Quality-of-life outcomes, as measured by the European Organisation for Research and Treatment of Cancer (EORTC) core quality-of-life questionnaire (QLQ-C30), were similar between the two study arms in both the intent-to-treat and PD-L1 populations.

“There was no deterioration in quality of life in either of the study arms,” Dr. Bajorin said. 

Publisher's Note: This article was originally published in the April 10, 2021 issue of The ASCO Post.
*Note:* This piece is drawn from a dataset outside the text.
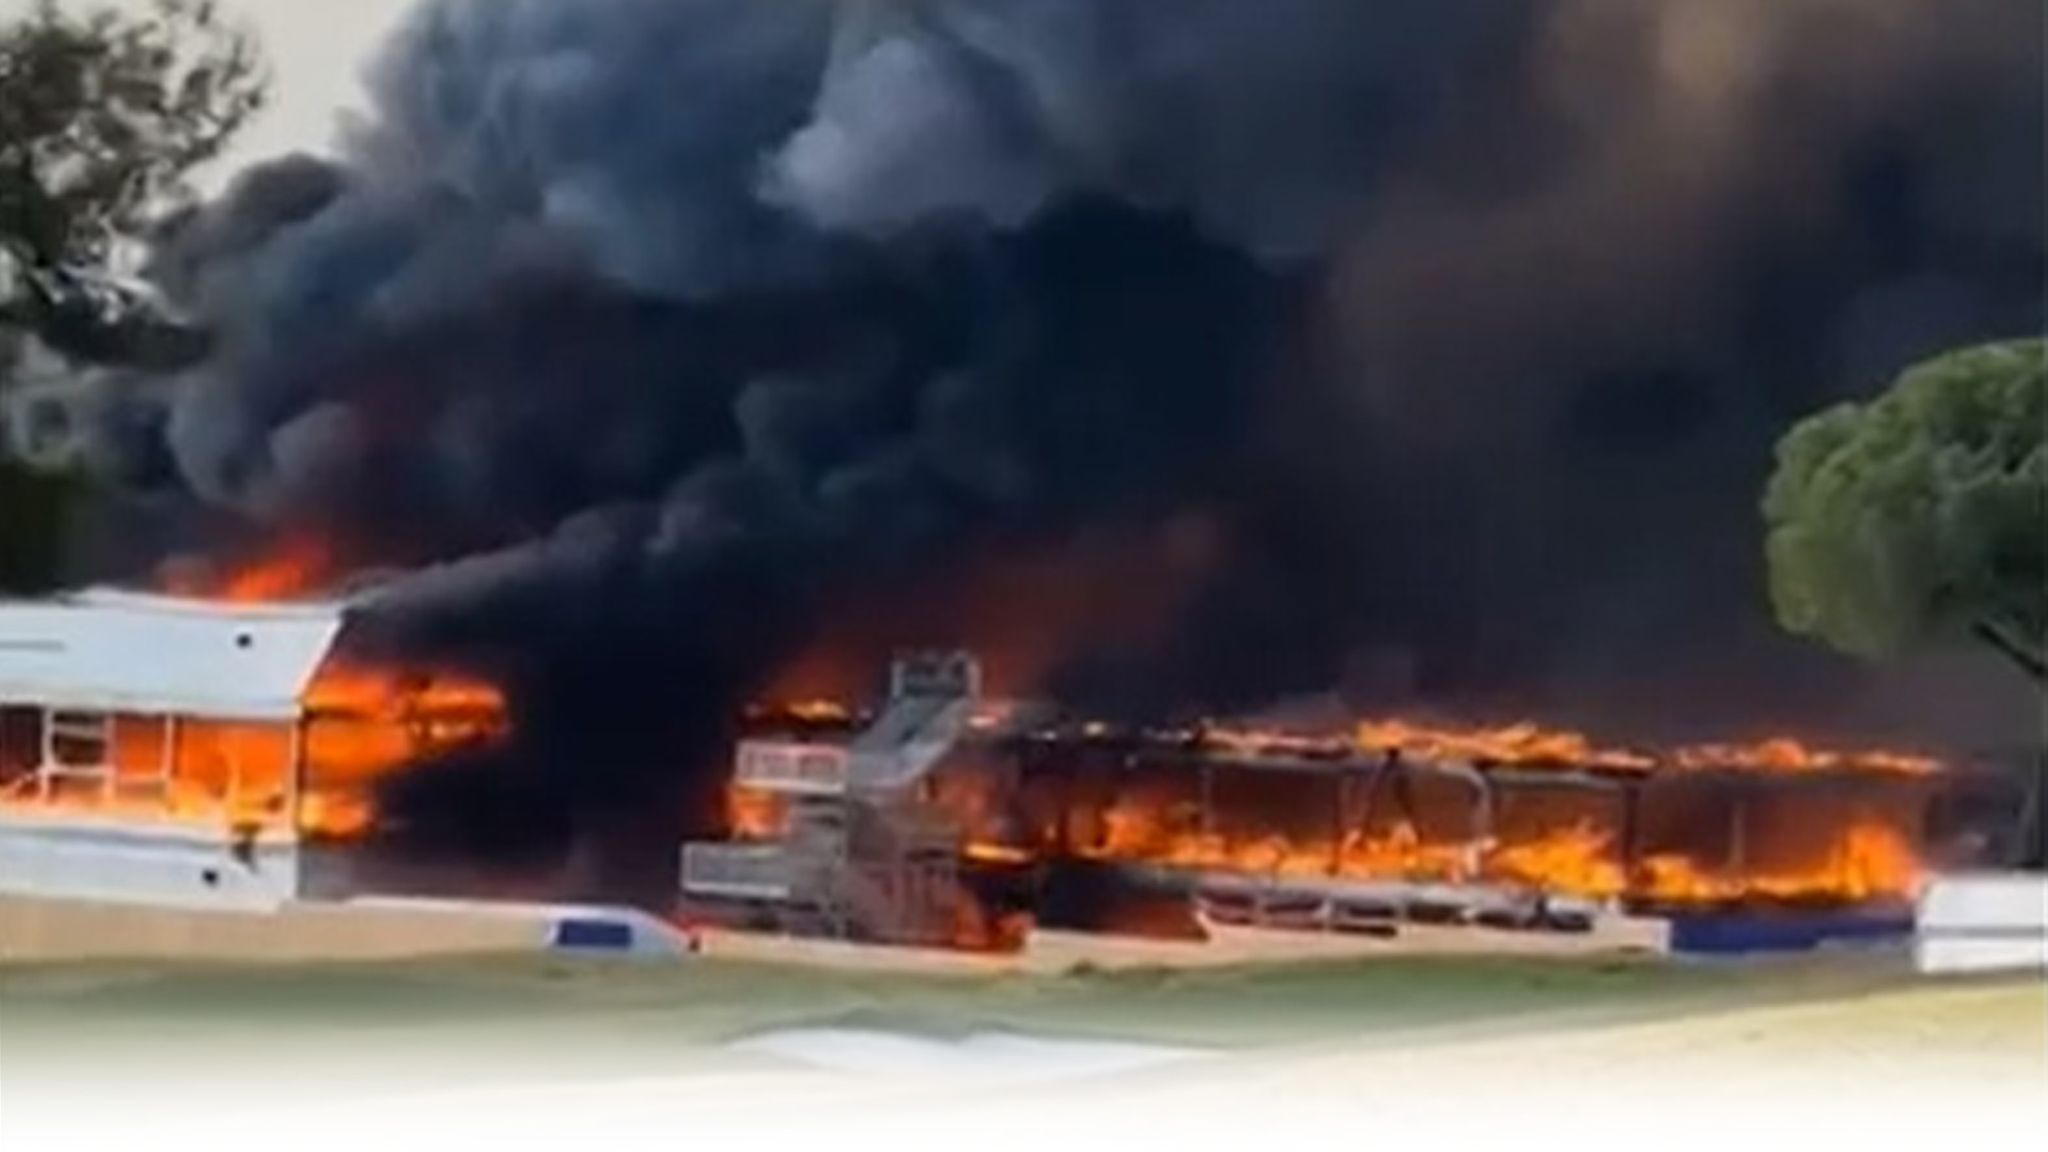 Ryder Cup's Marco Simone Golf and Country Club hit by large fire

DISCLOSURE: The study was funded by Bristol Myers Squibb. Dr. Bajorin has received honoraria from Merck Sharp & Dohme; has served as a consultant or advisor to Dragonfly Therapeutics, Fidia Farmaceutici SpA, Hoffmann–LaRoche, and Merck; has received institutional research funding from Astellas Pharma, AstraZeneca, Bristol Myers Squibb, Genentech/Roche, Merck, Novartis, and Seattle Genetics/Astellas; and has been reimbursed for travel, accommodations, or other expenses by Merck and Roche/Genentech.

REFERENCE

1. Bajorin DF, Witjes JA, Gschwend J, et al: First results from the phase 3 CheckMate 274 trial of adjuvant nivolumab vs placebo in patients who underwent radical surgery for high-risk muscle-invasive urothelial carcinoma (MIUC). 2021 Genitourinary Cancers Symposium. Abstract 391. Presented February 12, 2021.